Efficient photoactivated hydrogen evolution promoted by CuxO-gCN-TiO2-Au (x = 1,2) nanoarchitectures

Mattia Benedet; Gian Andrea Rizzi; Alberto Gasparotto; Lunjie Zeng; Gioele Pagot; Eva Olsson; Vito Di Noto; Chiara Maccato; Davide Barreca

doi:10.1039/d4ra00773e

Efficient photoactivated hydrogen evolution promoted by Cu_xO-gCN-TiO₂-Au (x = 1,2) nanoarchitectures

RSC Adv. 2024 Feb 28;14(10):7221-7228. doi: 10.1039/d4ra00773e. eCollection 2024 Feb 21.

Authors

Mattia Benedet^{1

2}, Gian Andrea Rizzi^{1

2}, Alberto Gasparotto^{1

2}, Lunjie Zeng³, Gioele Pagot⁴, Eva Olsson³, Vito Di Noto⁴, Chiara Maccato^{1

2}, Davide Barreca²

Affiliations

¹ Department of Chemical Sciences, Padova University, INSTM 35131 Padova Italy chiara.maccato@unipd.it.
² CNR-ICMATE, INSTM, Department of Chemical Sciences, Padova University 35131 Padova Italy.
³ Department of Physics, Chalmers University of Technology 41296 Gothenburg Sweden.
⁴ Section of Chemistry for the Technology (ChemTech), Department of Industrial Engineering, Padova University, INSTM 35131 Padova Italy.

Abstract

In this work, we propose an original and potentially scalable synthetic route for the fabrication of Cu_xO-gCN-TiO₂-Au (x = 1,2) nanoarchitectures, based on Cu foam anodization, graphitic carbon nitride liquid-phase deposition, and TiO₂/Au sputtering. A thorough chemico-physical characterization by complementary analytical tools revealed the formation of nanoarchitectures featuring an intimate contact between the system components and a high dispersion of gold nanoparticles.

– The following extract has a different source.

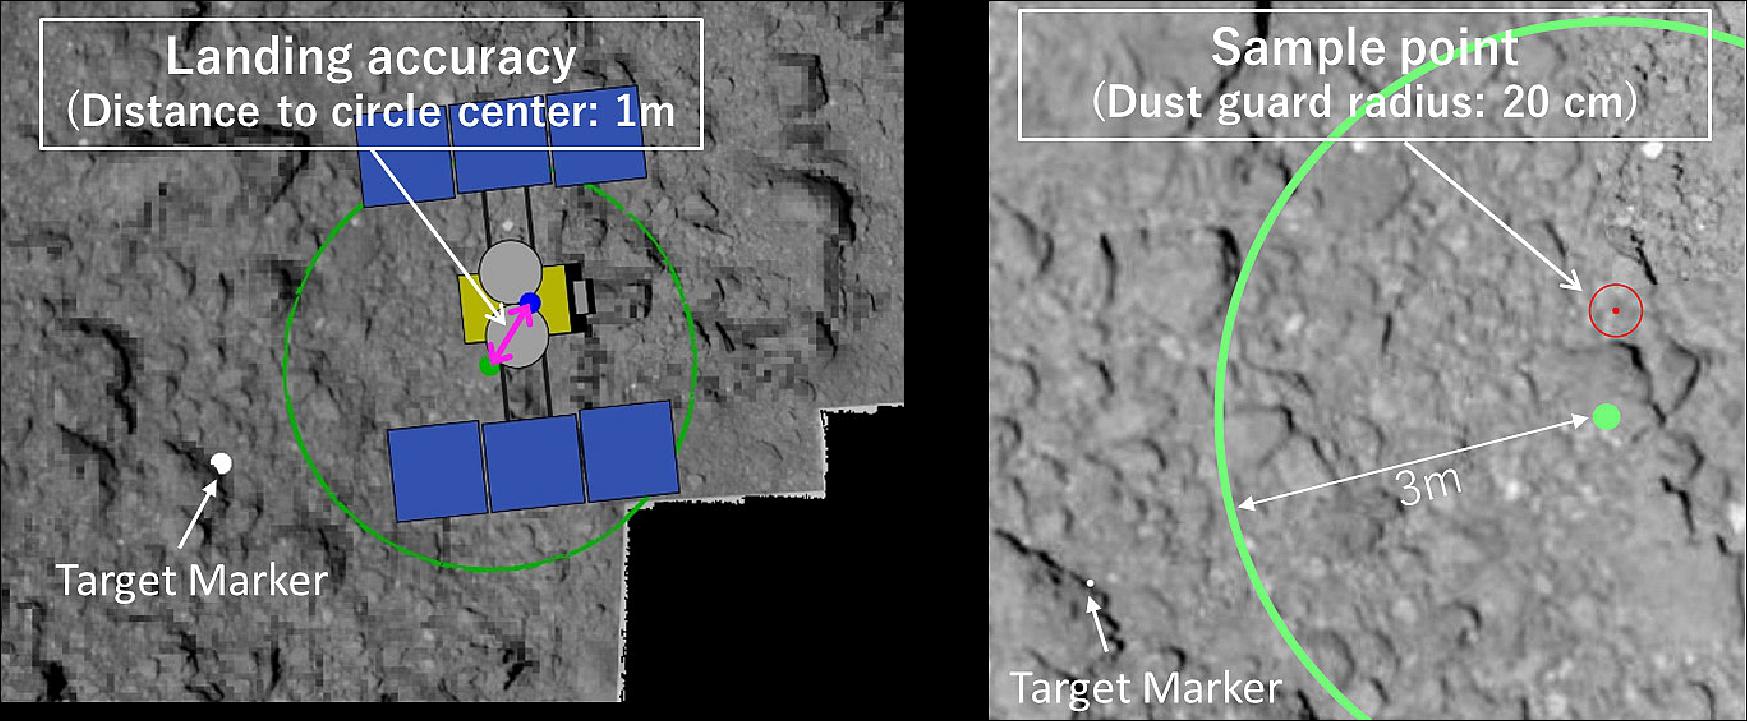 Figure 44: Post analysis result of the touchdown accuracy (left), and the sample point (right) for TD1-L08E1 operation (image credit: Hayabusa-2 Team)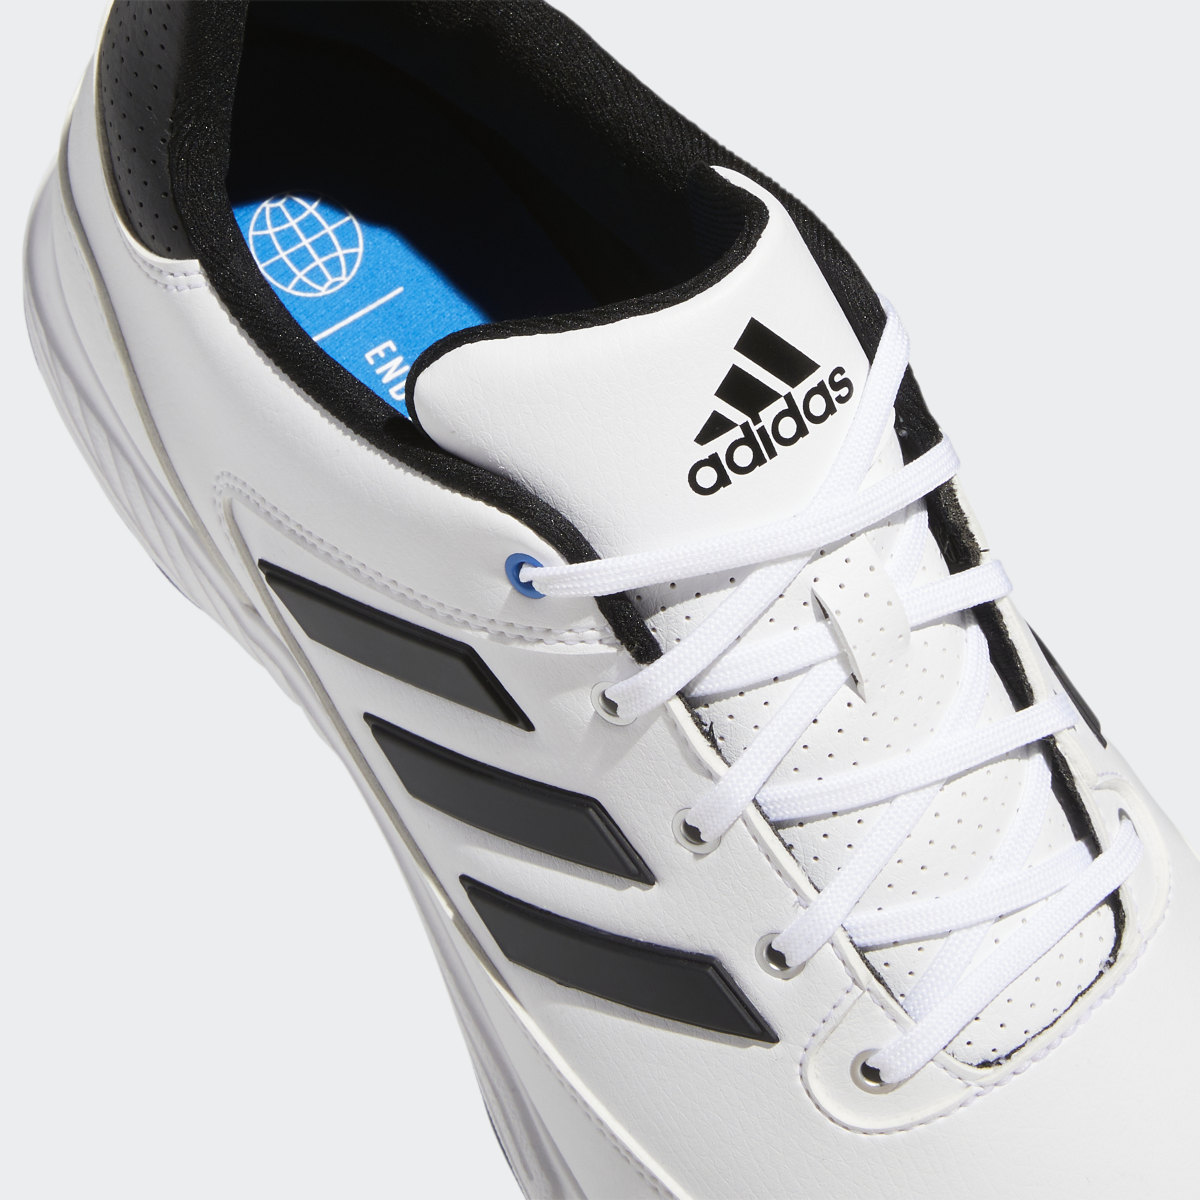 Adidas Golflite Max Wide Golf Shoes. 9

Modulation of single component interplay yielded excellent functional performances in photoactivated hydrogen evolution, corresponding to a photocurrent of ≈-5.7 mA cm^-2 at 0.0 V vs. the reversible hydrogen electrode (RHE). These features, along with the very good service life, represent a cornerstone for the conversion of natural resources, as water and largely available sunlight, into added-value solar fuels.